= Gabriel de Gramont =

French Roman Catholic bishop and cardinal

Gabriel de Gramont (1486–1534) was a French Roman Catholic bishop and cardinal.

==Biography==

Gabriel de Gramont was born in Gascony in 1486, the son of Roger de Gramont, signeur of Bidache, and Eléonore de Béarn. His brother, Charles de Gramont was the Archbishop of Bordeaux.

Early in his life, he was ordained as a deacon. On 25 June 1515 he was elected Bishop of Couserans. He was transferred to the see of Tarbes on 19 September 1524. He occupied that see until his death.

He was maître des suppliques under Francis I of France. He was promoted to the metropolitan see of Bordeaux.
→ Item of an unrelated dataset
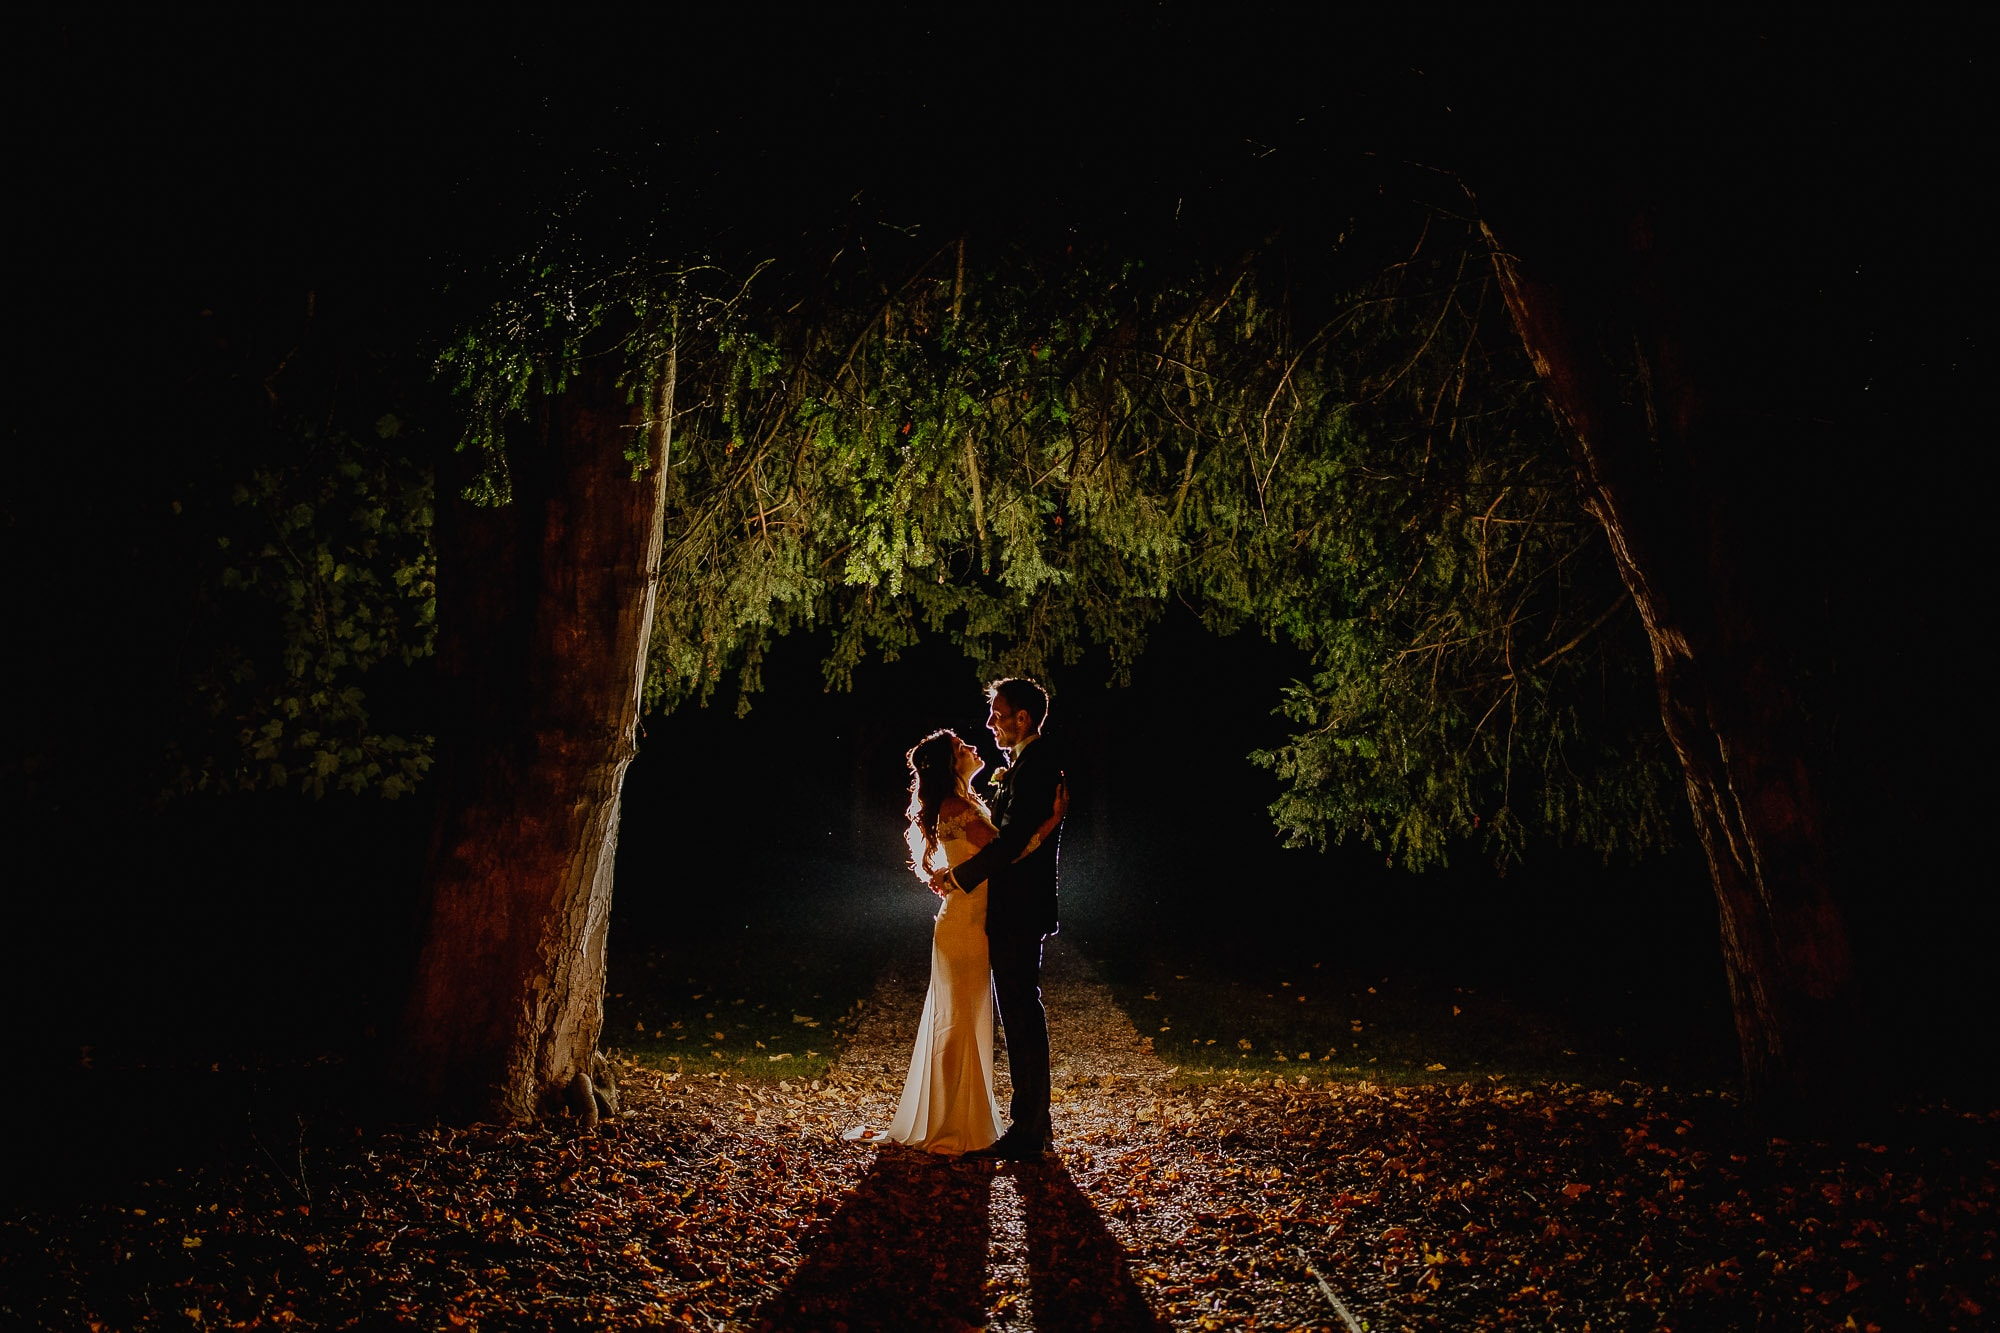 Night portrait of wedding couple standing under a tree.

In 1525, the queen regent, Louise of Savoy sent Bishop Gramont to Spain to secure the freedom of Francis I. In 1526, he was imprisoned by Charles V, Holy Roman Emperor, who was angry at his role in founding the League of Cognac; when England and France arrested the imperial ambassadors, the emperor ordered Bishop Gramont released. Returning to the Kingdom of France, he was despatched to the Kingdom of England in an attempt to encourage Henry VIII of England to divorce Catherine of Aragon and form a French alliance by marrying Marguerite de Navarre, the sister of King Francis and the widow of Charles IV, Duke of Alençon. He was then sent as French ambassador to the Holy See.

On 14 July 1529 he was elected Archbishop of Bordeaux by the cathedral chapter of Bordeaux Cathedral; Pope Clement VII confirmed his appointment on 24 September 1529. He resigned the administration of the archdiocese to his brother Charles de Gramont on 9 March 1530. In December 1529, the pope made him his nuncio extraordinary to the Kingdom of France.

Pope Clement VII made him a cardinal priest in the consistory of 8 June 1530. He received the red hat and the titular church of San Giovanni a Porta Latina on 22 June 1530. He opted for the titular church of Santa Cecilia in Trastevere on 9 January 1531.

On 13 January 1532 Francis I of France named him Bishop of Poitiers. He subsequently occupied that see until his death.

In 1533 he negotiated the marriage between Henry, Duke of Orléans and Catherine de' Medici, the niece of Pope Clement VII. As part of these negotiations, on 1 August 1533, the pope met the king of France at Marseille.

On 17 October 1533 he was named Archbishop of Toulouse. He subsequently occupied that see until his death.

He died of typhoid fever in the château of Balma on 26 March 1534. He was buried with his ancestors in the church of Bidache.